- _Provided data_

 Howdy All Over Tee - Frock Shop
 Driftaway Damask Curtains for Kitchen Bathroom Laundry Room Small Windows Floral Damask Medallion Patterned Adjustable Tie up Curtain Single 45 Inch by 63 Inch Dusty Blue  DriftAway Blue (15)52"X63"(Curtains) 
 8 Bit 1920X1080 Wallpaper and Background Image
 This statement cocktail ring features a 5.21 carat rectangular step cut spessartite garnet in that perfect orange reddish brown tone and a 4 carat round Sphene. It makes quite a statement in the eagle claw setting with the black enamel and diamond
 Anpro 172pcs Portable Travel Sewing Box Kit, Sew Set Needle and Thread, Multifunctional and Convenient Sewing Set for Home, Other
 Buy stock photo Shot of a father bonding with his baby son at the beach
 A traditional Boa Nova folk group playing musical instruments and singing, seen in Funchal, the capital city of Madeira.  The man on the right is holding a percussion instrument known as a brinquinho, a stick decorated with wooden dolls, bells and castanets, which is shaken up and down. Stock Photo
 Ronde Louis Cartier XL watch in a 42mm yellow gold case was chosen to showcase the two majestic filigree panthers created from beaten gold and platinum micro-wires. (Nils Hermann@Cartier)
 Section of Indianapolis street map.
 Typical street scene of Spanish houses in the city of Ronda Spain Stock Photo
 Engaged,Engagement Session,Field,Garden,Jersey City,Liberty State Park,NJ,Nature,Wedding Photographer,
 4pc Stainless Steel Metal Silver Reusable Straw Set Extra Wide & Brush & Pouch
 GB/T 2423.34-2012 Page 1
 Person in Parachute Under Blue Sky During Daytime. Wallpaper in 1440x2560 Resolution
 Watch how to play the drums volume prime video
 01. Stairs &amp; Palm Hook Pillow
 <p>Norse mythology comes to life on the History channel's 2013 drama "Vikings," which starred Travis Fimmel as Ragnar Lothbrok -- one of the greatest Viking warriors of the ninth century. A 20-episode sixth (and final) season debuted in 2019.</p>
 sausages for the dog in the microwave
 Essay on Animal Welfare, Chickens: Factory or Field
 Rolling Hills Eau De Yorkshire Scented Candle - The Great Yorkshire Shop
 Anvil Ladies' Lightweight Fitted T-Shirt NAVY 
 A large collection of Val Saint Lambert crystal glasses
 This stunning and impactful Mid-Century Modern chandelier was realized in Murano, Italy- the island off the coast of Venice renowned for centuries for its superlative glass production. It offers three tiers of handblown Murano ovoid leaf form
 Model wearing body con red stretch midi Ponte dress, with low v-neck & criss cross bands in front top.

- _Task directions_
Retype all of the records above, keeping them identical.

- _Exercise response_
 Howdy All Over Tee - Frock Shop
 Driftaway Damask Curtains for Kitchen Bathroom Laundry Room Small Windows Floral Damask Medallion Patterned Adjustable Tie up Curtain Single 45 Inch by 63 Inch Dusty Blue  DriftAway Blue (15)52"X63"(Curtains) 
 8 Bit 1920X1080 Wallpaper and Background Image
 This statement cocktail ring features a 5.21 carat rectangular step cut spessartite garnet in that perfect orange reddish brown tone and a 4 carat round Sphene. It makes quite a statement in the eagle claw setting with the black enamel and diamond
 Anpro 172pcs Portable Travel Sewing Box Kit, Sew Set Needle and Thread, Multifunctional and Convenient Sewing Set for Home, Other
 Buy stock photo Shot of a father bonding with his baby son at the beach
 A traditional Boa Nova folk group playing musical instruments and singing, seen in Funchal, the capital city of Madeira.  The man on the right is holding a percussion instrument known as a brinquinho, a stick decorated with wooden dolls, bells and castanets, which is shaken up and down. Stock Photo
 Ronde Louis Cartier XL watch in a 42mm yellow gold case was chosen to showcase the two majestic filigree panthers created from beaten gold and platinum micro-wires. (Nils Hermann@Cartier)
 Section of Indianapolis street map.
 Typical street scene of Spanish houses in the city of Ronda Spain Stock Photo
 Engaged,Engagement Session,Field,Garden,Jersey City,Liberty State Park,NJ,Nature,Wedding Photographer,
 4pc Stainless Steel Metal Silver Reusable Straw Set Extra Wide & Brush & Pouch
 GB/T 2423.34-2012 Page 1
 Person in Parachute Under Blue Sky During Daytime. Wallpaper in 1440x2560 Resolution
 Watch how to play the drums volume prime video
 01. Stairs &amp; Palm Hook Pillow
 <p>Norse mythology comes to life on the History channel's 2013 drama "Vikings," which starred Travis Fimmel as Ragnar Lothbrok -- one of the greatest Viking warriors of the ninth century. A 20-episode sixth (and final) season debuted in 2019.</p>
 sausages for the dog in the microwave
 Essay on Animal Welfare, Chickens: Factory or Field
 Rolling Hills Eau De Yorkshire Scented Candle - The Great Yorkshire Shop
 Anvil Ladies' Lightweight Fitted T-Shirt NAVY 
 A large collection of Val Saint Lambert crystal glasses
 This stunning and impactful Mid-Century Modern chandelier was realized in Murano, Italy- the island off the coast of Venice renowned for centuries for its superlative glass production. It offers three tiers of handblown Murano ovoid leaf form
 Model wearing body con red stretch midi Ponte dress, with low v-neck & criss cross bands in front top.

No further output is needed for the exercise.